One of the things that I'm proudest of is the efforts of the Labor side of the parliament throughout history in making higher education more available and more accessible to people from communities like the one that I represent. This bill takes that effort backwards rather than forwards. It is part of a bigger ideological play. We know this because it's not just universities those opposite are going after; they're also using this as an excuse to go after superannuation, for harsher industrial relations and to go after pensions. All of these things are of a piece. What they speak to is a government that isn't sitting down during the course of this crisis and working out what is the best version of this nation after the recession subsides. They're sitting around and working out: 'How do we indulge some of these ideological obsessions? How do we, in the hope that too many people are distracted by the near-term pressures of the first recession in almost three decades, sneak through changes on uni, pension, super or industrial relations'—the list goes on and on. I think that's a shameful conclusion for them to draw. The country is counting on them.

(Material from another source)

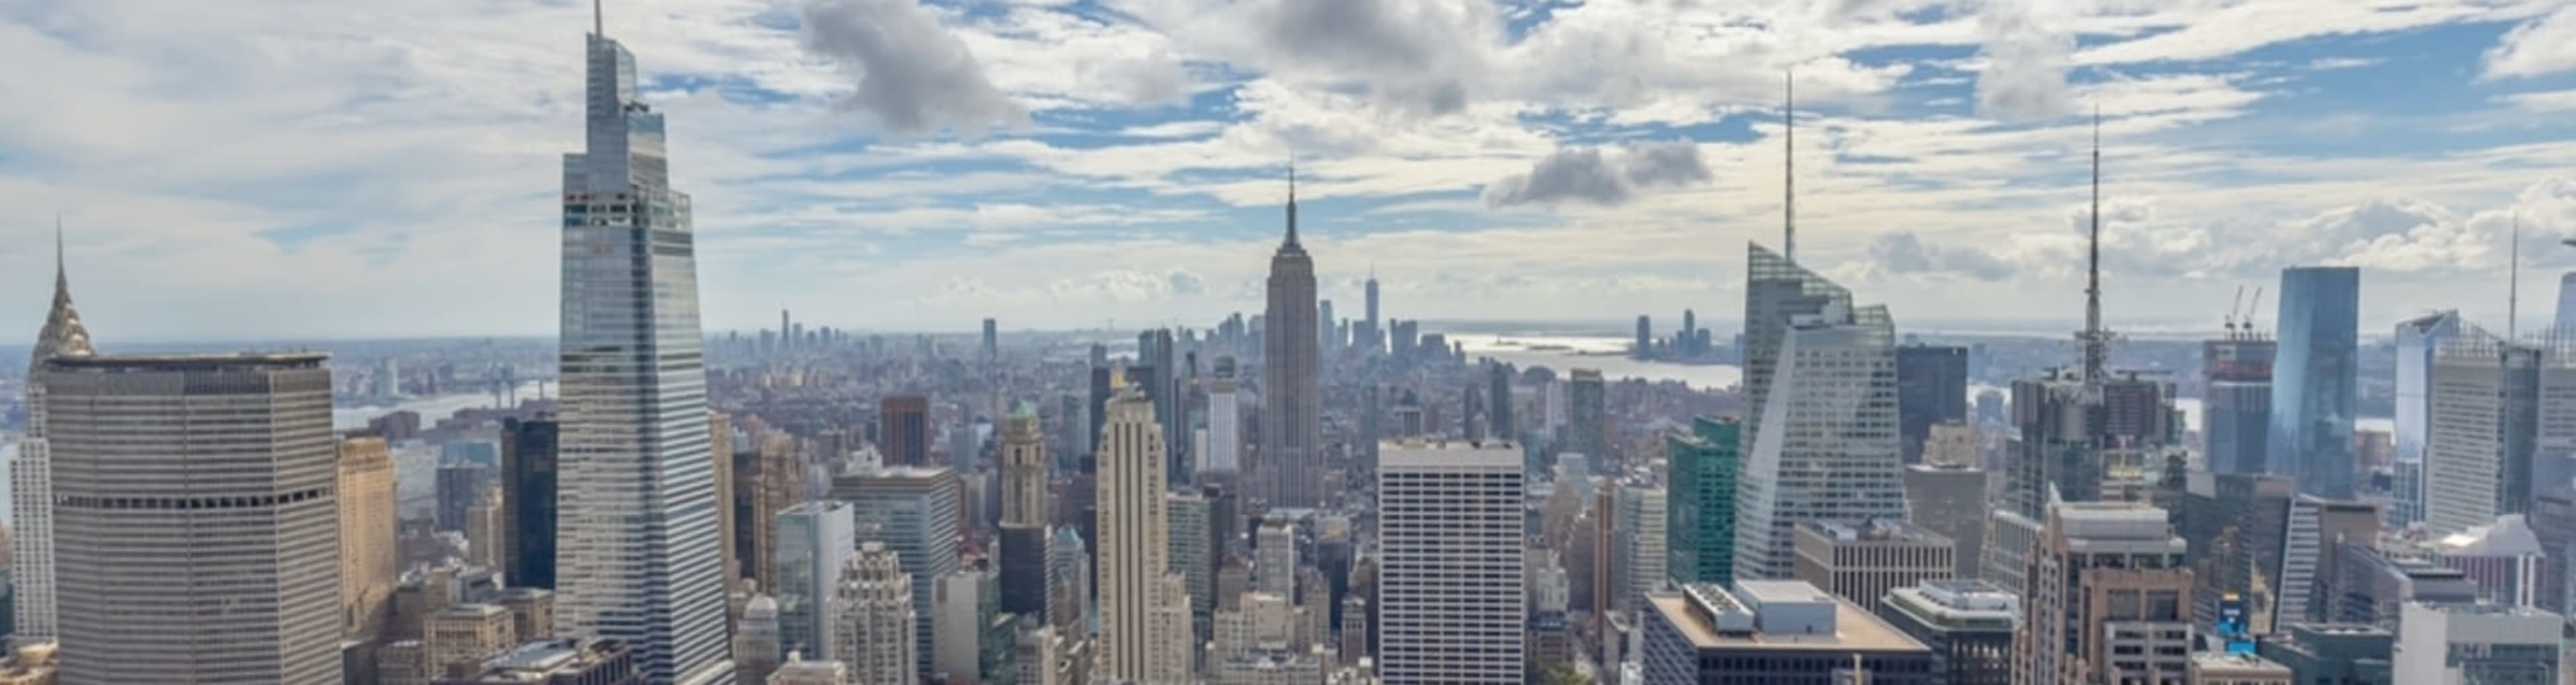 Manhattan's skyline with both the Empire State Building and One Vanderbilt in view.

When we consider what the economy looks like, what our society looks like and what our nation looks like after this crisis, it can't be a harsher version of Australia. It can't be a version of Australia where opportunities are harder for people to grasp. It can't be an Australia where there's a small group of people who find it easy to access opportunity and to get ahead, and more and more Australians who find it harder and harder and harder. This is not the vision of Australia that we on this side of the House will sign up to as we contemplate the recovery from this recession.
If we are to recover strongly we need to make sure that more people can access those opportunities and that more and more people have a stake in our national economic success, when that success returns. We have a lot to be proud of in this country, but one of the things we should be proudest of is how we provide those opportunities. We shouldn't be the type of society where your bank balance determines the type of education or the type of opportunities that you can access.
So we won't be supporting this bill. We have made that very clear; the member for Sydney and others have made that point with characteristic eloquence. We can't sign up to things that make it harder for people to get by and get ahead. We can't sign up to something which uses this recession, the first recession in three decades, the deepest and most damaging recession in our lifetime, as an excuse to make university life harder for people to access in this country.